* Task item: Retype all of the listing exactly, with no pictures.
Data START
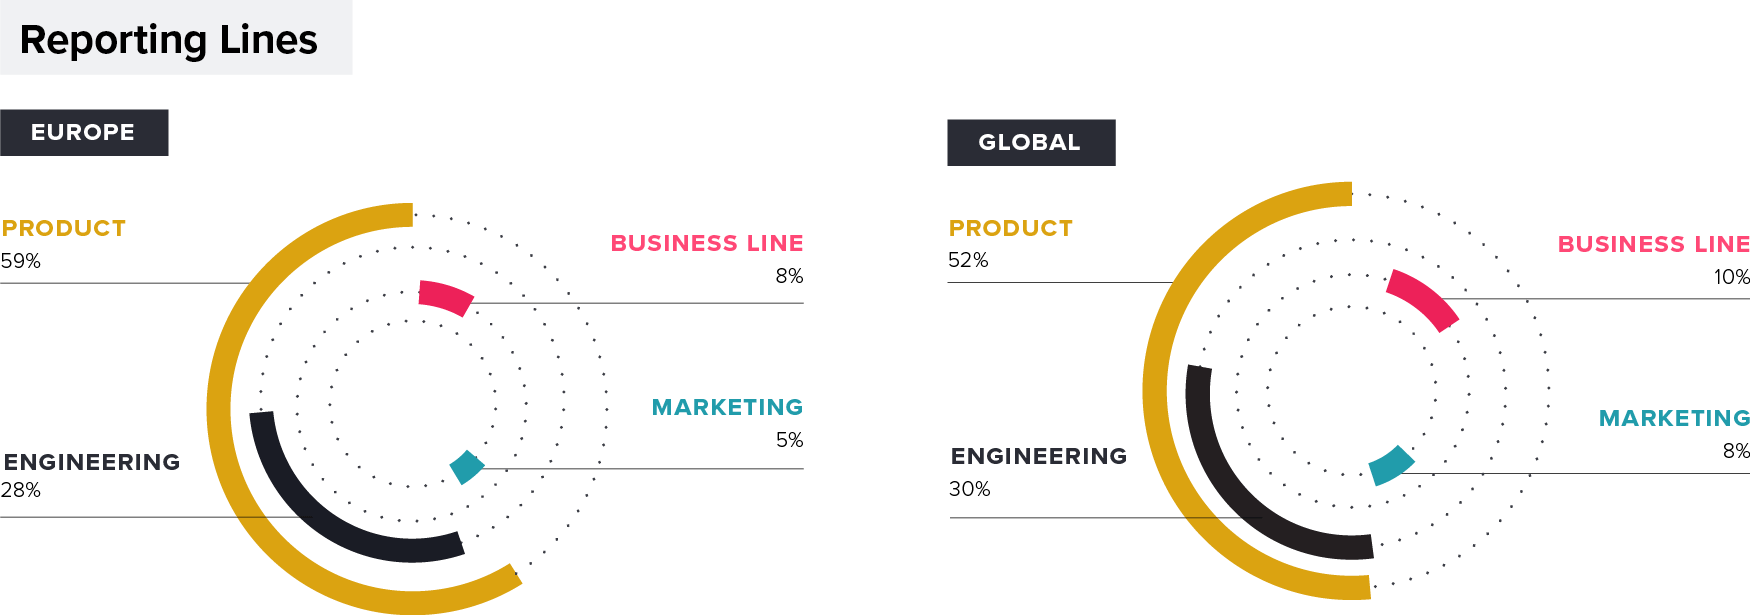 Product Management Reporting Lines: Europe
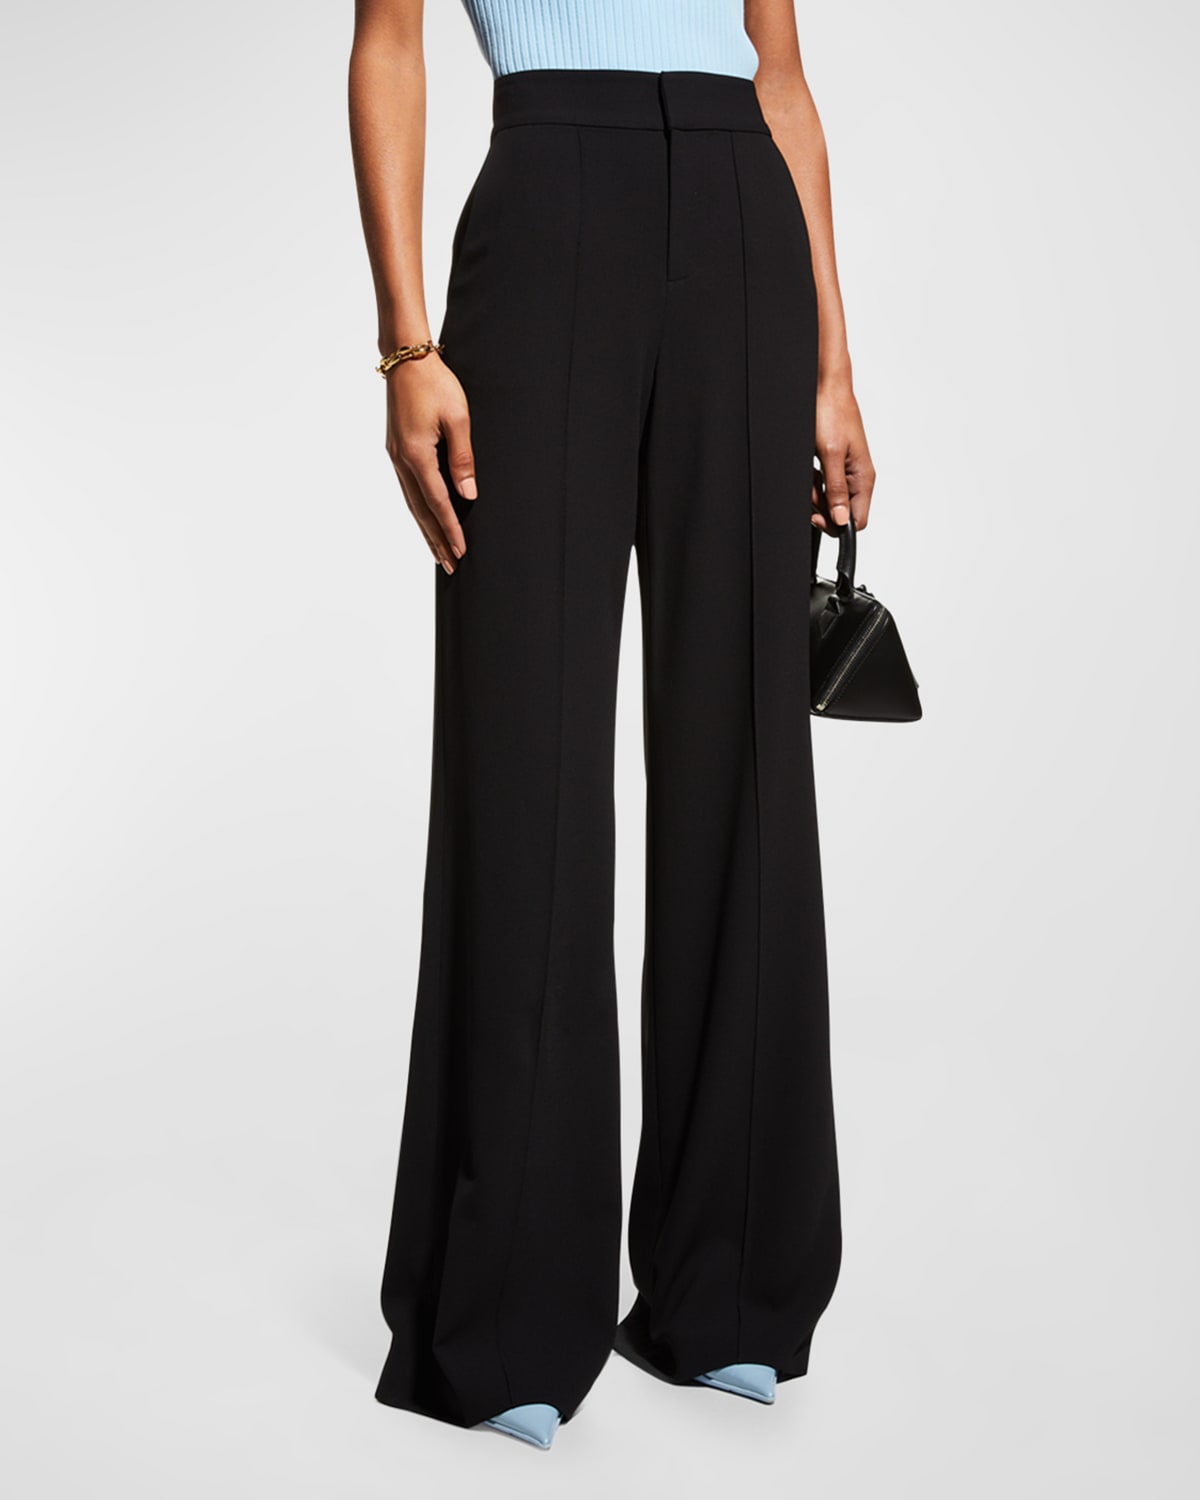 Alice + Olivia Dylan High-Waist Faux-Leather Pants | Neiman Marcus
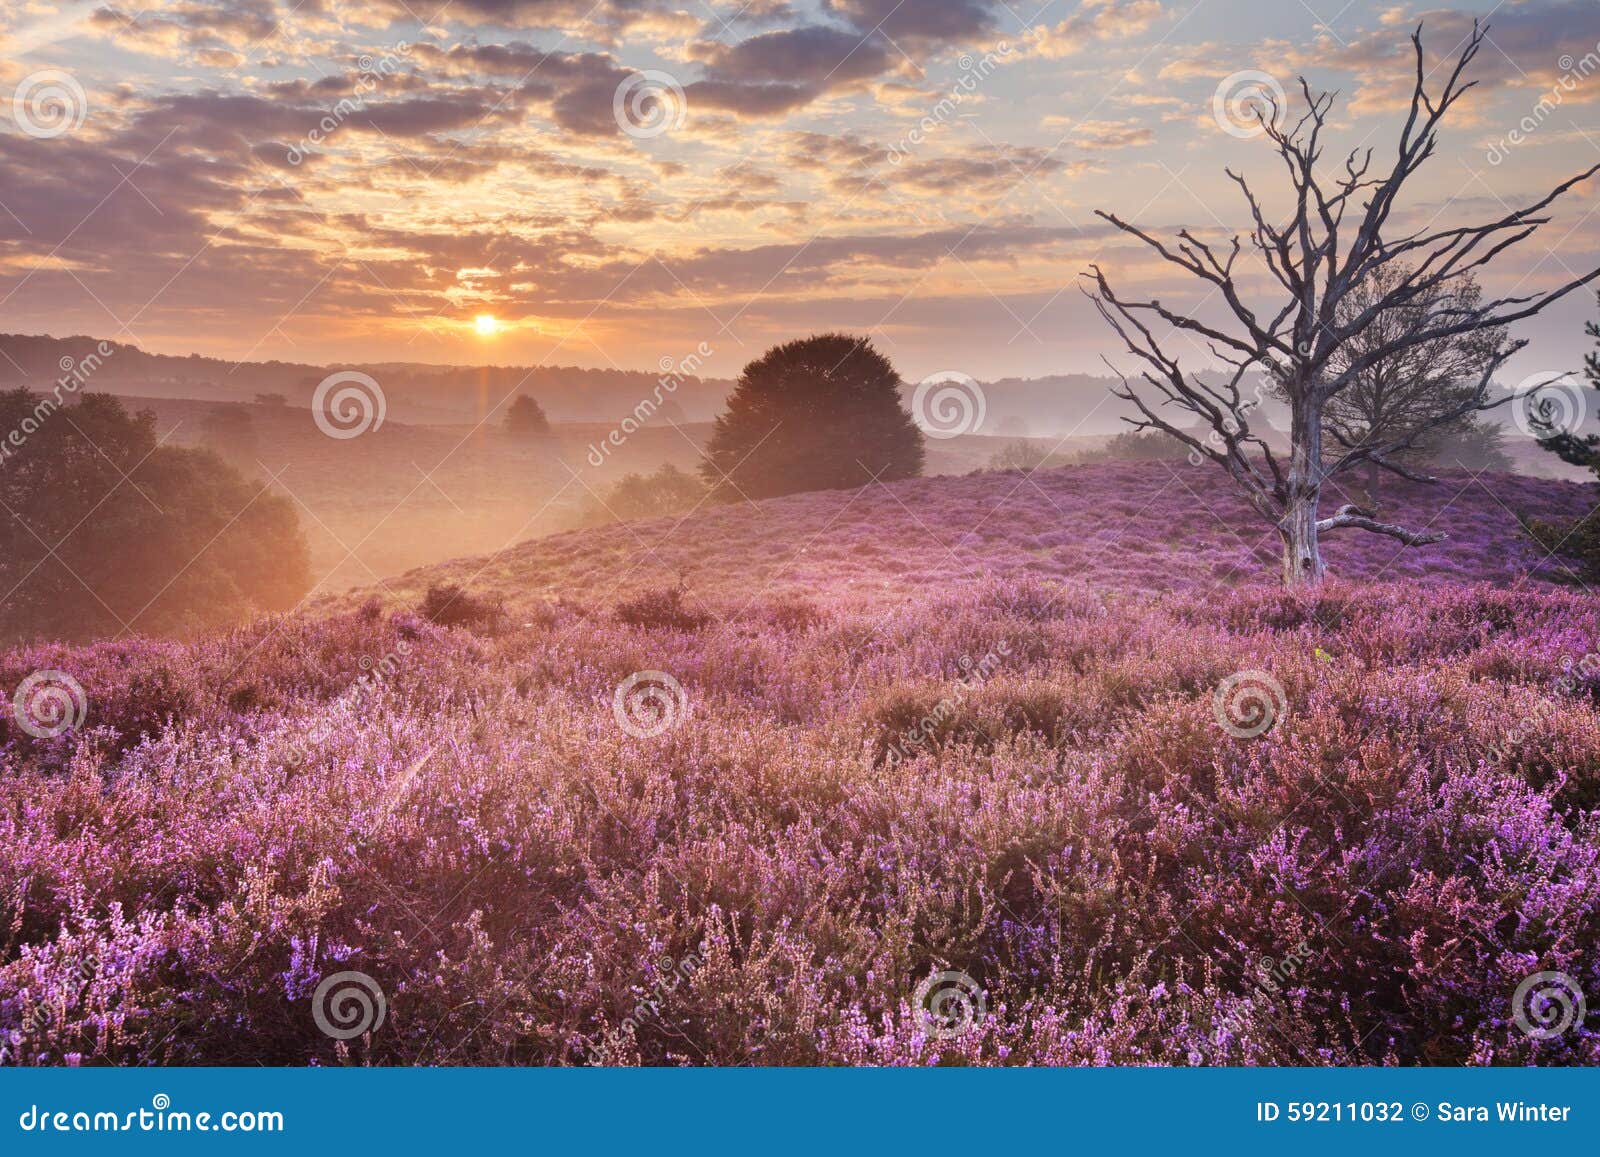 blooming heather at sunrise, posbank, the netherlands
Data END
* Exercise solution:
 Product Management Reporting Lines: Europe
 Alice + Olivia Dylan High-Waist Faux-Leather Pants | Neiman Marcus
 blooming heather at sunrise, posbank, the netherlands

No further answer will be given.